Are the UK’s industrial growth plans underestimating grid connection risk?
A recent survey from Roadnight Taylor has highlighted that some companies are not fully accounting for grid connection delays in their growth

In Brief
- A survey of 200 director-level industrial decision-makers has identified a sizable gap between expected grid connection timescales and the experience of companies that have already encountered delays.
- Among respondents that had experienced connection delays, 60% reported a direct business impact and 34% said the delays had stopped company growth altogether.
- Projects were being delayed for 33% of respondents, while 32% reported increased costs and 25% said connection difficulties were obstructing energy transition plans.
In Review
Companies may be planning for growth without fully accounting for the time, cost and uncertainty involved in securing additional electrical capacity.

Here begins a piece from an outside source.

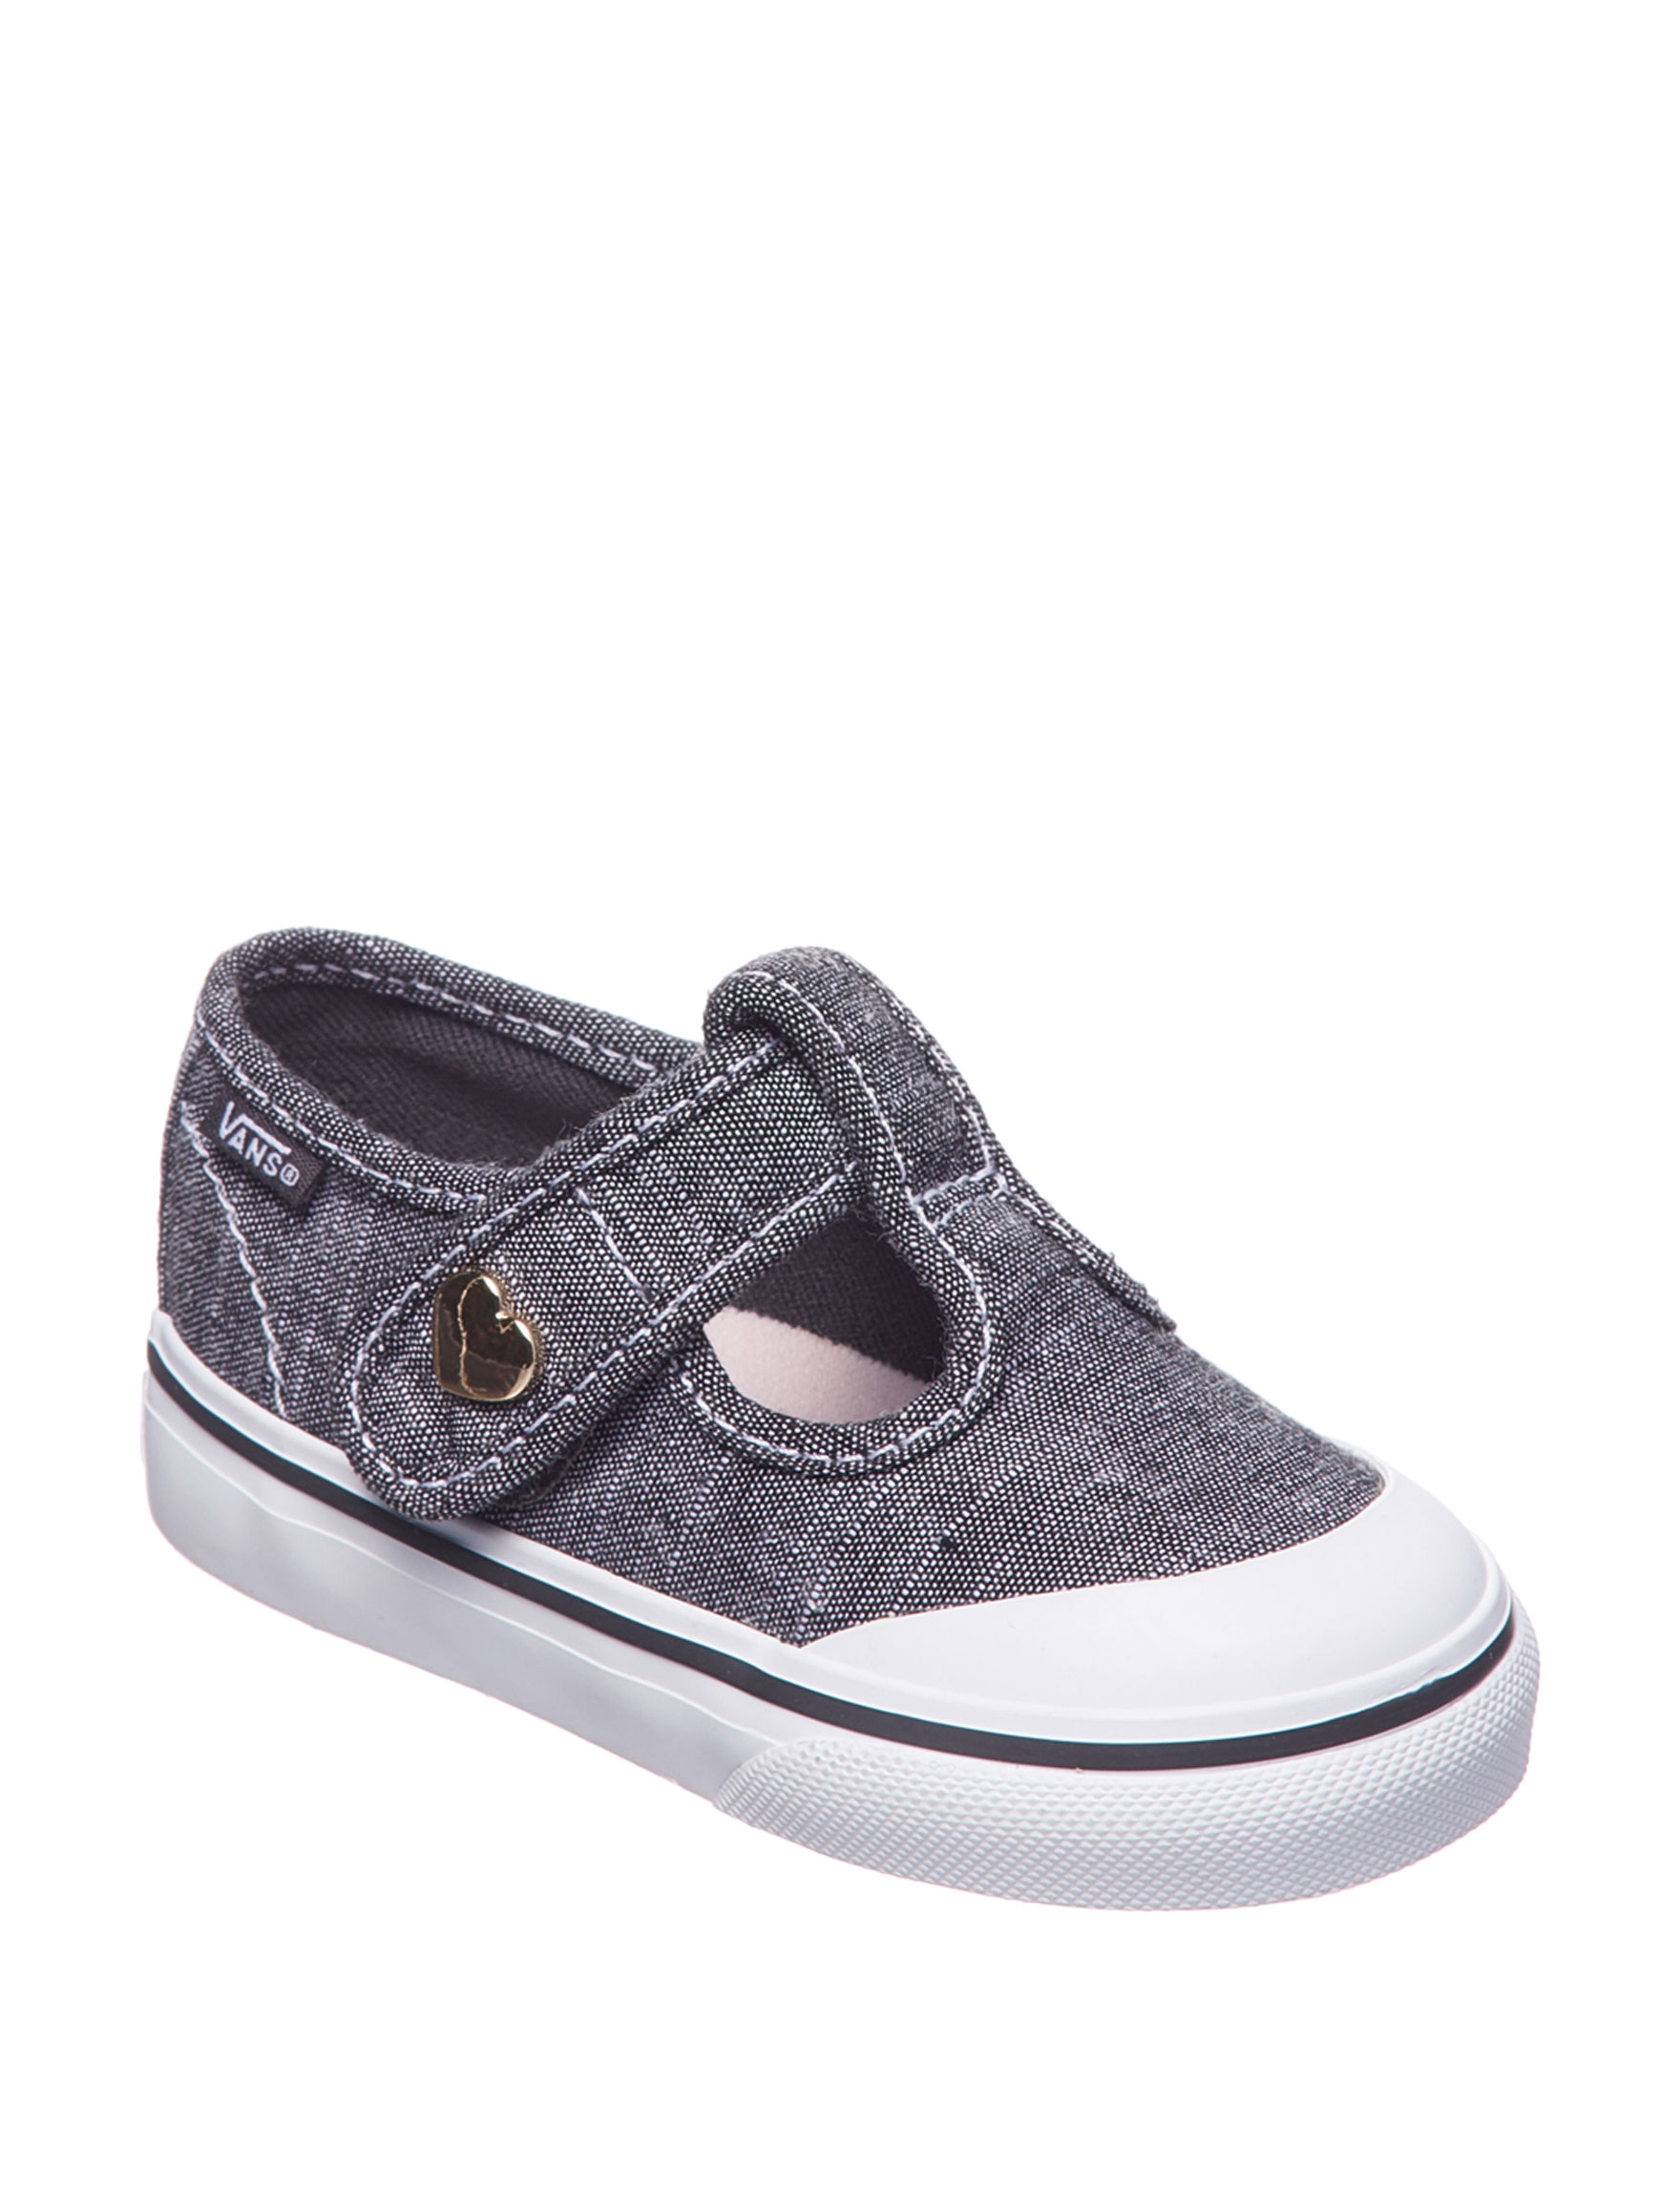 5bd4f92014 Vans Leena Casual Shoes - Toddler Girls 4-10
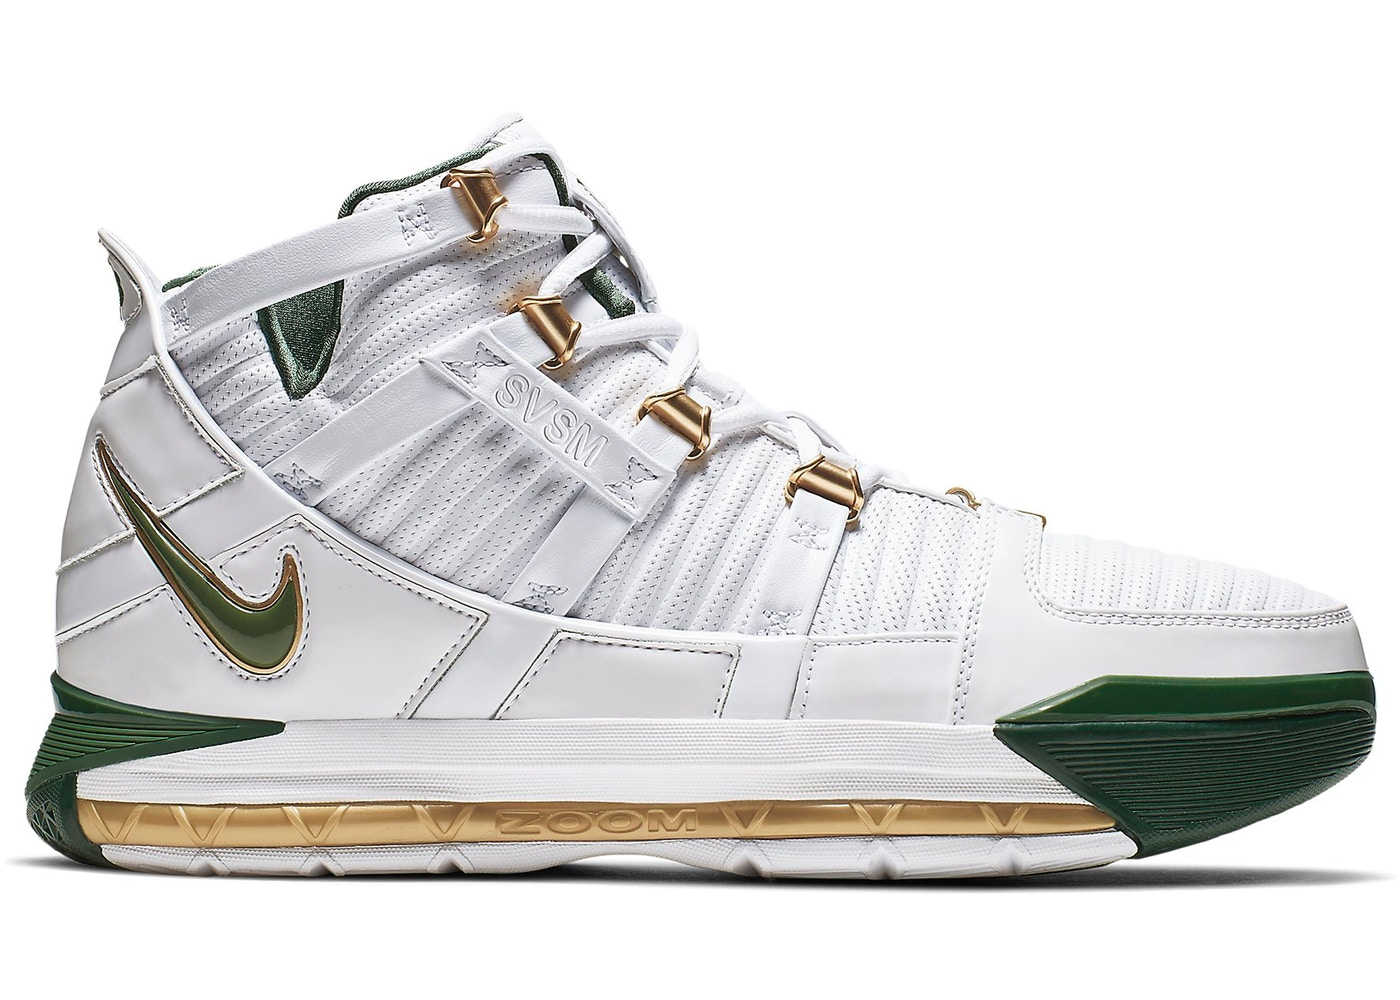 aea65b8fd360b Buy Nike LeBron 3 Shoes   Deadstock Sneakers

That’s according to new research commissioned by grid consultancy Roadnight Taylor, which surveyed 200 senior industrial decision-makers across Great Britain. Of the respondents that had experienced connection delays, 60% said their businesses had been directly affected, while 34% said growth had stopped altogether.
The survey also found that grid difficulties were delaying projects for 33% of businesses, increasing costs for 32% and obstructing energy transition plans for 25%.
That’s a cause for concern for the UK Government, as connection issues are having a real impact on investment in the economy – and that could mean it struggles for growth, with GDP having grown by just 0.1% in May 2026.
These issues aren’t anything new, with many warning all the way back in 2023 that grid connection delays could impact the UK’s net zero goals. But the latest research does show that some are still underestimating the exact scale of the problem.
According to the research, some 28% of directors who had encountered grid difficulties viewed connection timescales as a significant barrier, compared with only 8% of those without direct experience.Some respondents expected a connection to take 3.2 years on average, while the Roadnight Taylor considers a timescale closer to eight years more realistic for some major projects.
There is reform under way. Ofgem’s approved transmission connections package introduced ‘ready’ and ‘needed’ criteria intended to move viable projects ahead of speculative or less-developed schemes. NESO has subsequently reordered a pipeline that had grown beyond 700 GW, although it describes this as the first stage of a longer process.
Large industrial demand connections have their own unresolved challenges. Ofgem says the demand queue is growing, contains projects that may not be viable and currently lacks a mechanism for prioritising strategically important demand. Its June 2026 update outlined further work on high-voltage self-build options and connection arrangements that could allow more demand to connect while protecting system operation. Consultations and regulatory development are continuing.
That makes the survey’s finding that 74% of respondents expect connections reform to benefit their organisations understandable, but it does not remove the immediate delivery risk.
“The earlier organisations engage with this reality, the better placed they will be,” said Hugh Taylor, Chief Executive of Roadnight Taylor, and that’s a lesson that has been parroted before.
Early engagement needs to mean more than submitting an application sooner. It means treating electrical capacity as a strategic project input, testing the assumptions behind the requested load and maintaining a credible plan for design, procurement, commissioning and operation if the preferred connection is delayed or constrained.